▸ **YOUR ASSIGNMENT**
Nothing but the text belongs in the answer: the listing below, copied exactly, without pictures.

Top of STORED DATA

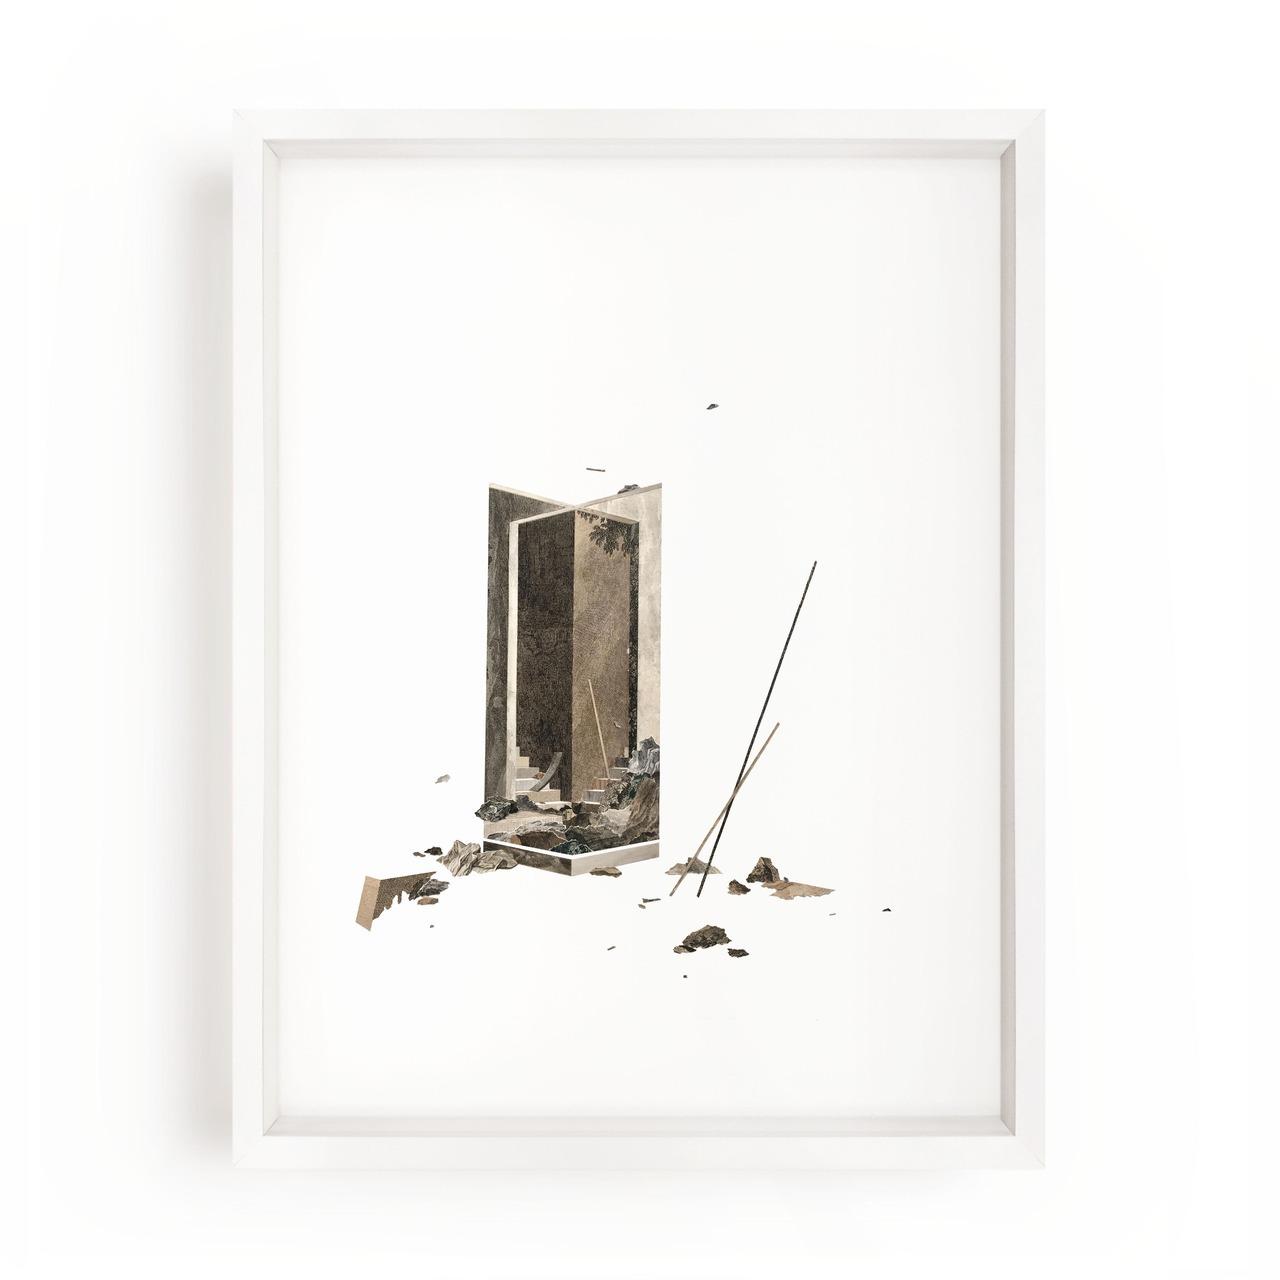 Claire Trotignon   Infini de taille moyenne  Collage of engraving 30 x 40 cm - 2018 - Private collection
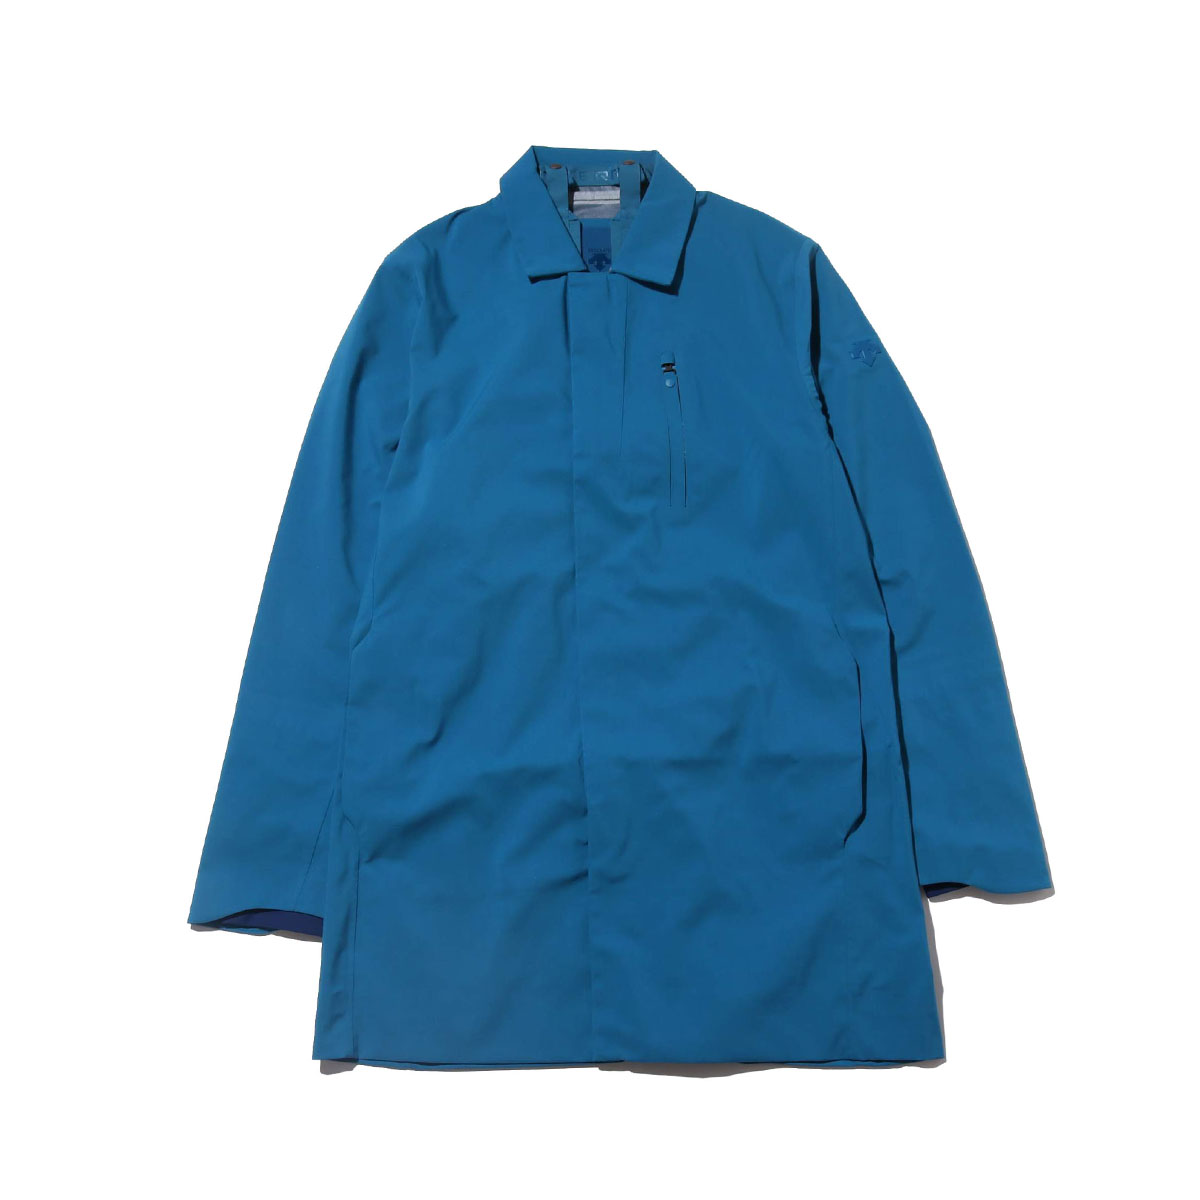 DESCENTE ALLTERRAIN HARD SHELL BAL COLLAR COAT(BLUE ACID)(デサント オルテライン ハード シェル ステンカラー コート)【メンズ】【コート】【18FA-I】
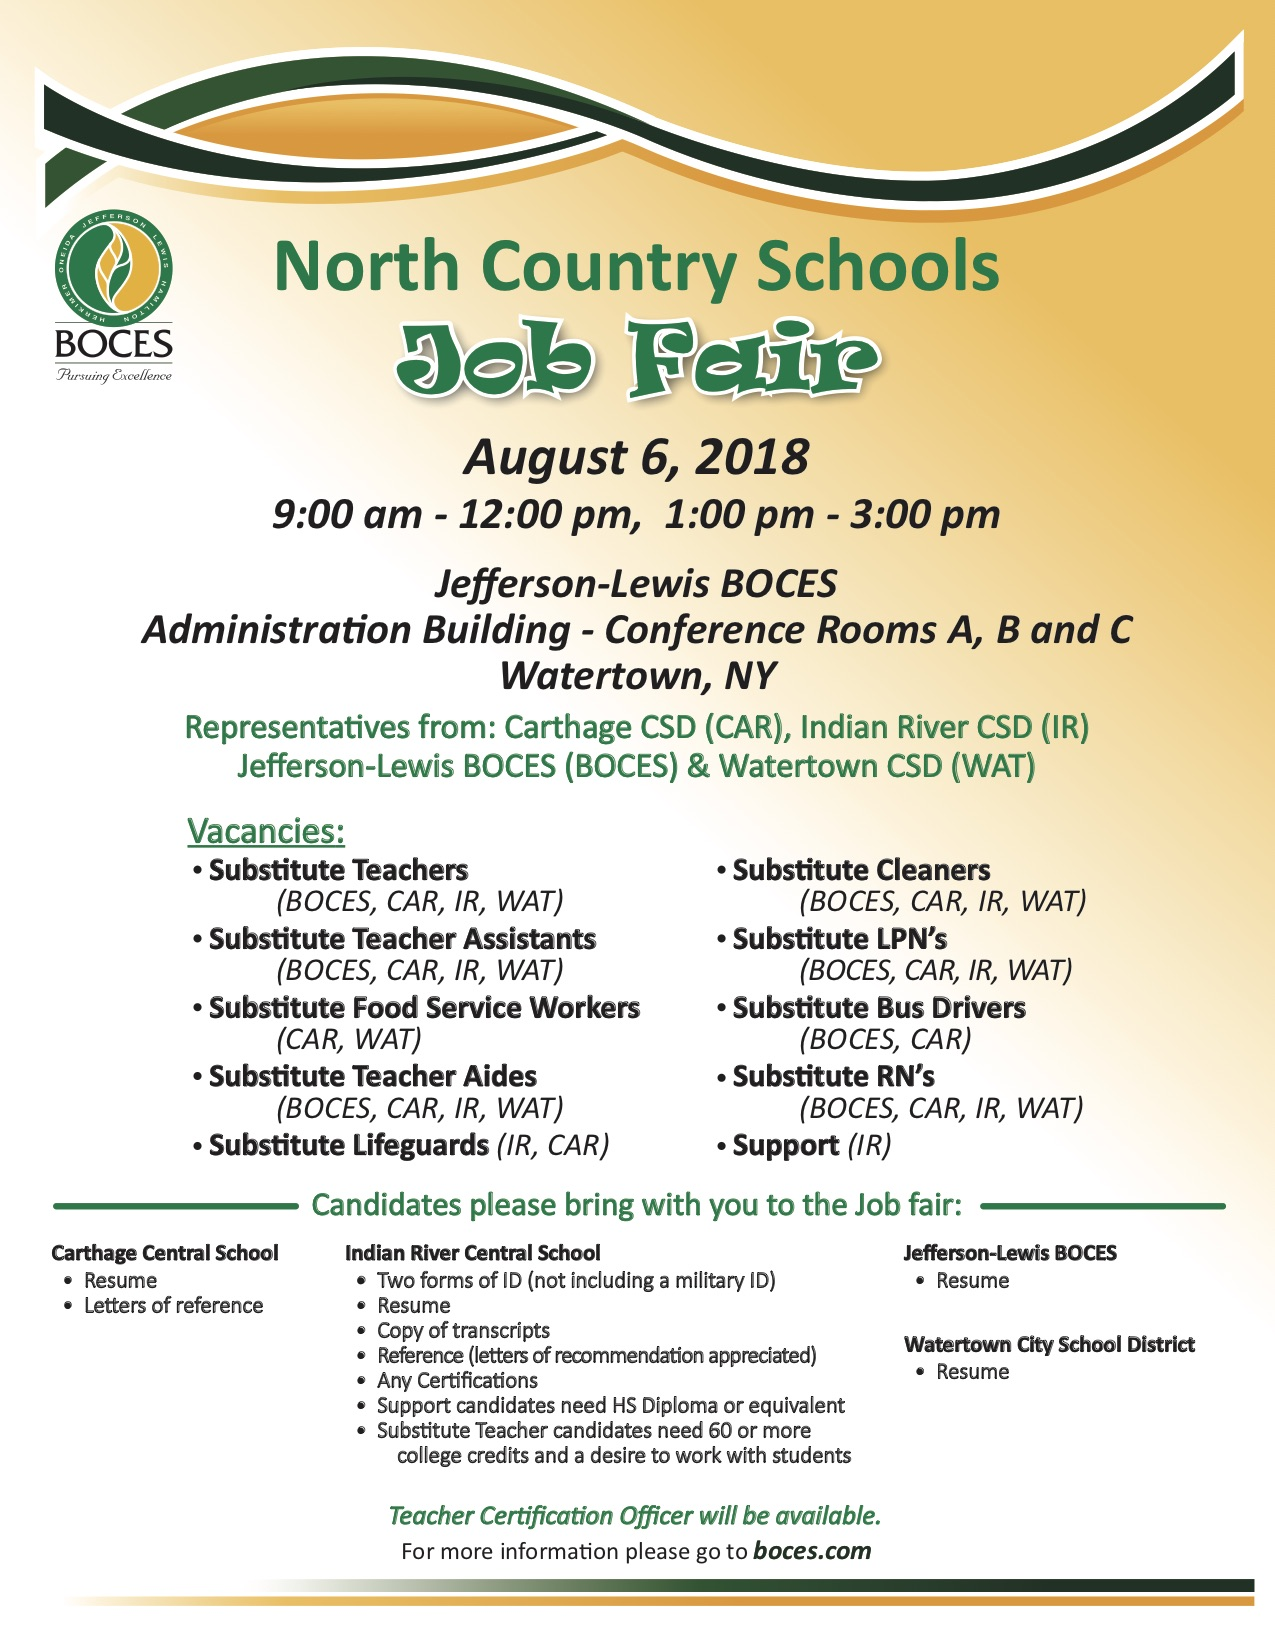 North Country Schools Job Fair_8-18_1532723804835.jpg.jpg

Bottom of STORED DATA

▸ **EXERCISE ANSWER**
 Claire Trotignon   Infini de taille moyenne  Collage of engraving 30 x 40 cm - 2018 - Private collection
 DESCENTE ALLTERRAIN HARD SHELL BAL COLLAR COAT(BLUE ACID)(デサント オルテライン ハード シェル ステンカラー コート)【メンズ】【コート】【18FA-I】
 North Country Schools Job Fair_8-18_1532723804835.jpg.jpg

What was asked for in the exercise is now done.